In November 1974 and in December 1976, the plaintiff served notices on the lessee that there could be no extension of the leases, and it became important for her to determine by binding legal proceedings whether or not the lessee had the right to extend the leases for two years beyond the expiration of the ten-year term. She undertook to do this by prosecuting this action for a declaratory judgment.
Under this state of facts the utilization of the Declaratory Judgment Act was eminently appropriate.[1]
The leases were drafted by defendant's counsel and appear to have been carefully and skillfully prepared. The renewal provision set forth above is singularly free from any doubt whatever. The words "present Lessor" can refer to only Edward Lincoln Gillmor, the plaintiff's father, whose death within less than a year after the signing of the leases effectively cancelled that provision, since the ownership of the demised land was no longer vested in him, but had passed by operation of the law to his successors in interest, either by will or intestate succession.
Defendant urges that there were unresolved material facts relating to circumstances existing prior to and at the time of the execution of the leases that should have been presented to the court and considered before any judgment could be rendered. We respond that the language in the leases is so clear and direct as to be invulnerable to any other interpretation, by an attempted employment of parole evidence, than that given by the trial court. Unless some principle in equity, such as fraud, mistake, *647 and the like, demands otherwise, the leases should stand as written. No such claim is pleaded here, and no proof nor proffer of proof has been offered. The cases support the judgments as to such aspects on this issue.[2]
Defendant challenges the propriety of granting summary judgment while there were "ongoing activities which may change the factual situation." He contends that a pending family partition suit is such an "ongoing activity." We cannot see why the pending partition suit should foreclose a determination as to the extension of the leases. If anything, it becomes more imperative that such question be finally determined.
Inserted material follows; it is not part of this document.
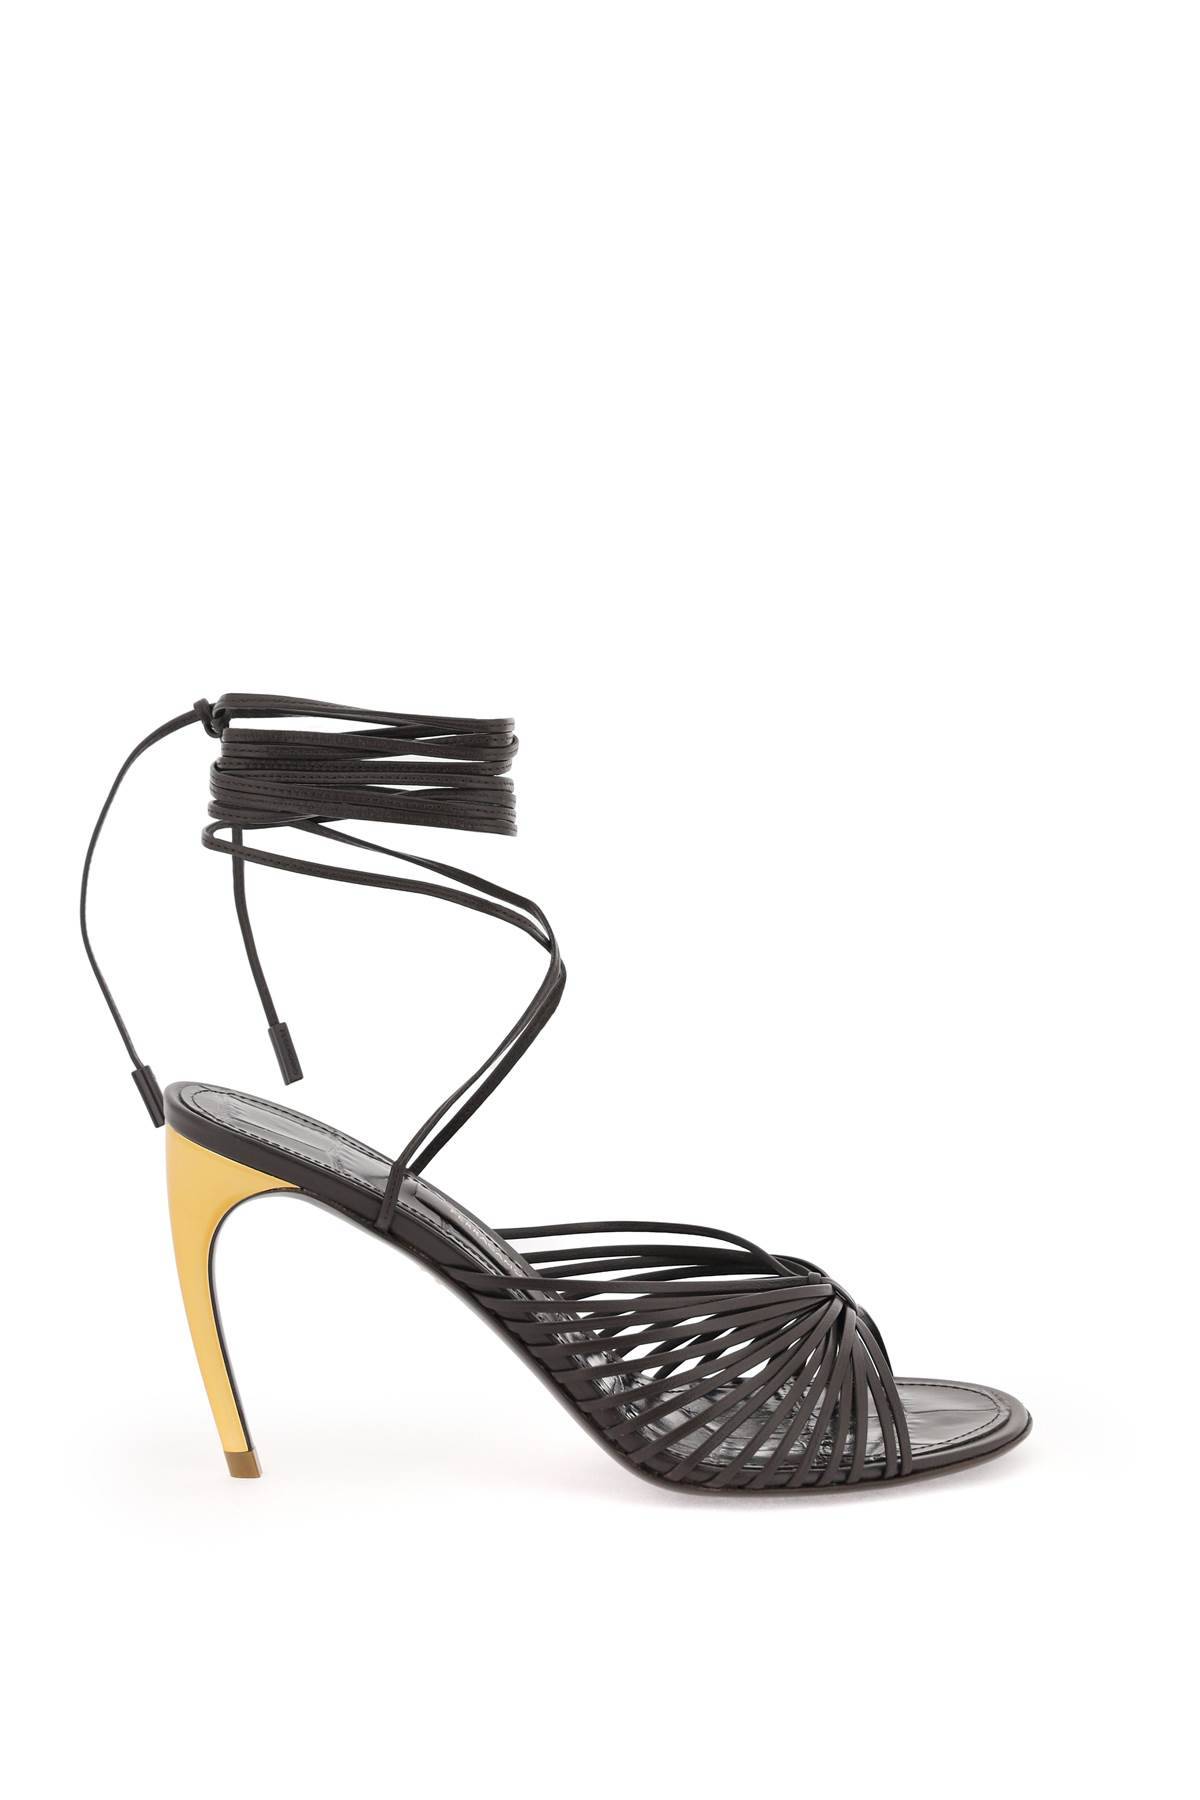 Ferragamo FERRAGAMO curved heel sandals with elevated

The fact that the parties are tenants in common of the property is not a complicating factor, since what is in question here is a contractual one involving the "right to renew" leases. The parties fee interests in the land will not be disturbed in any way.
The point on appeal offered by defendant to the effect that "Options to Renew are construed most strongly against the Lessor" is not an issue here. The clarity of the leases leaves nothing to construe. Moreover, the subject leases' scrivenr was defendant himself, by counsel, which neutralizes the "most strongly against" principle by the equally significant maxim that "a contract is construed most strongly against the party who drafts it."
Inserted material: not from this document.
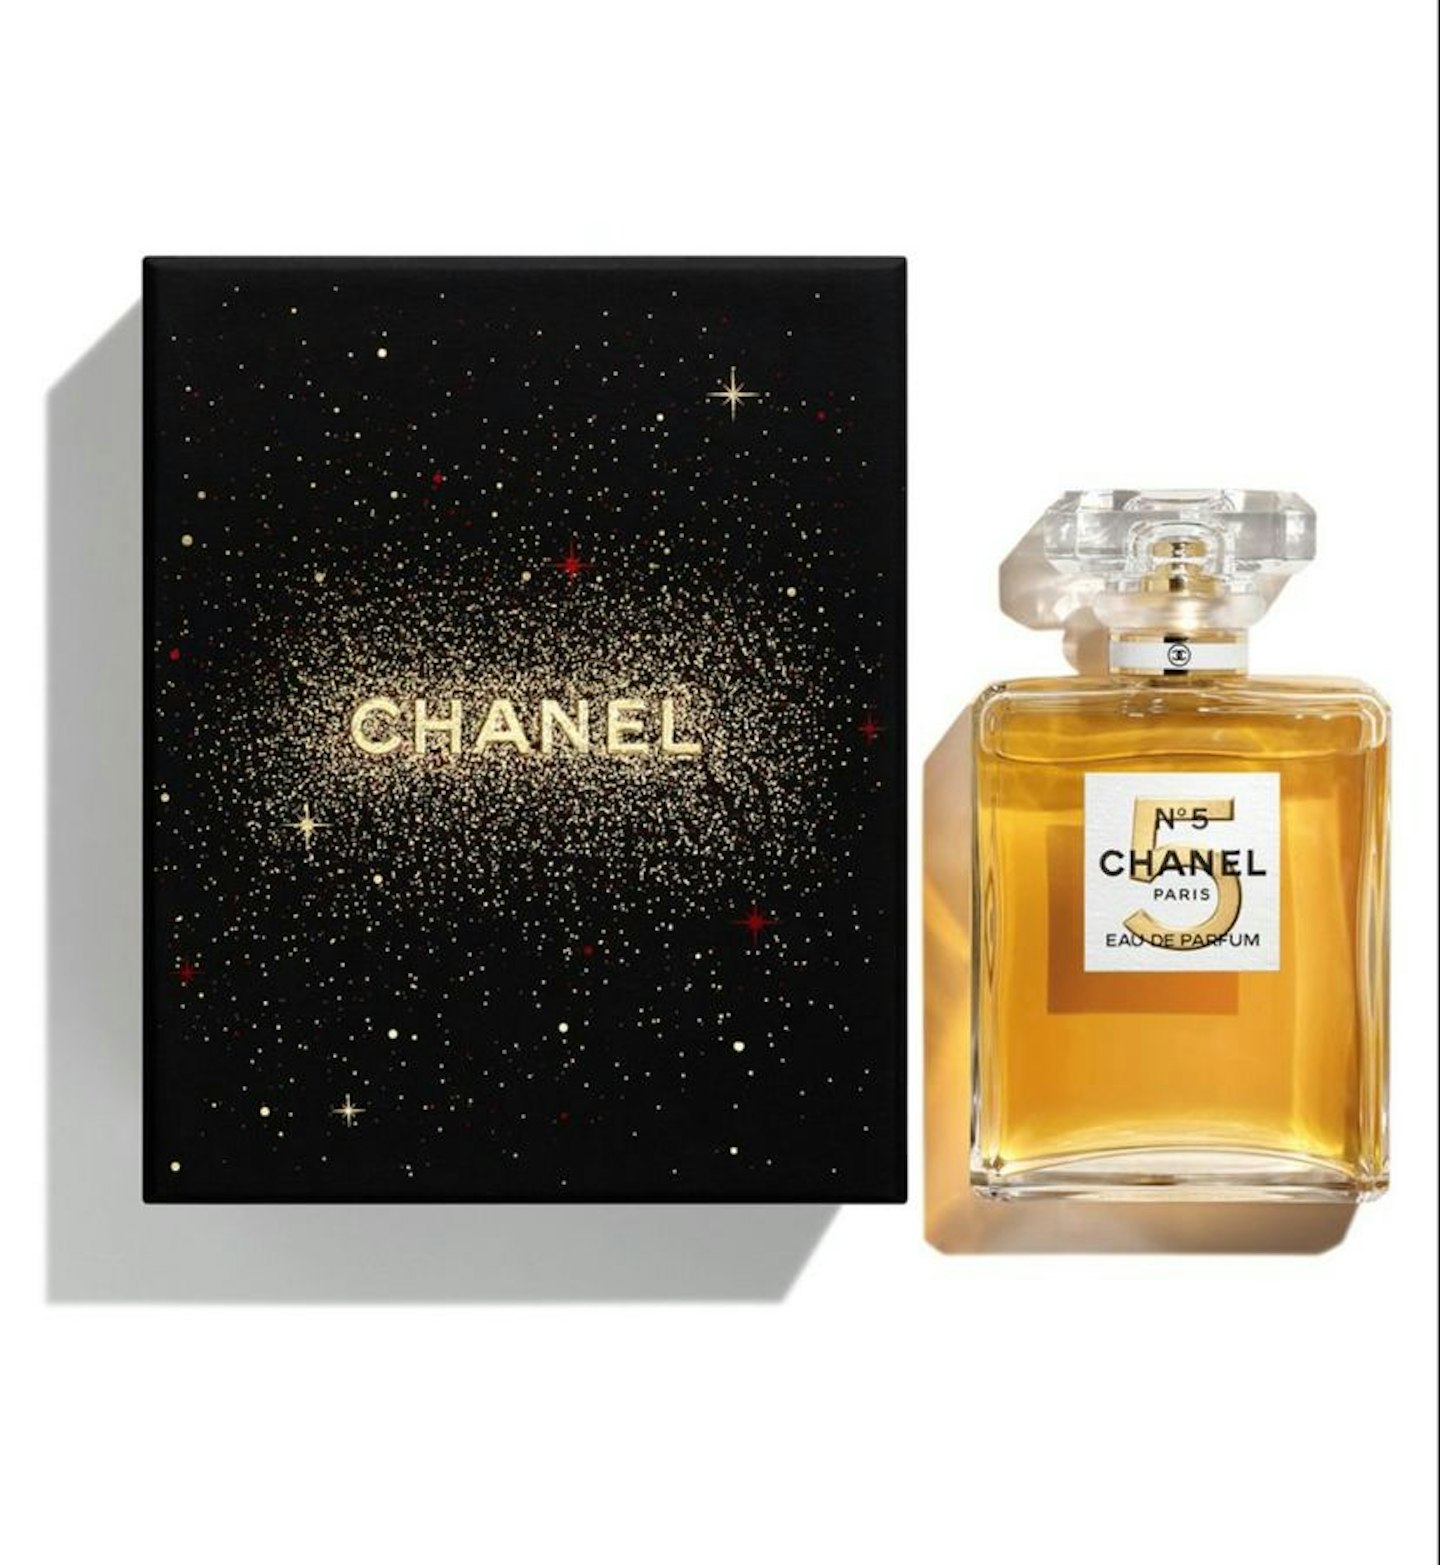 Tuesday – Chanel, No5 Limited Edition Eau de Parfum Gift Box, £130

The judgments are affirmed, with costs to plaintiff.
CROCKETT, C.J., and MAUGHAN, HALL and STEWART, JJ., concur.
WILKINS, J., having disqualified himself does not participate herein.
NOTES
[1] Salt Lake County v. Salt Lake City, Utah, 570 P.2d 119 (1977).
[2] Ephraim v. Hawk, 7 Utah 2d 163, 321 P.2d 221 (1958), and cases cited therein; Comm. Bldg. Corp. v. Blair, Utah, 565 P.2d 776 (1977).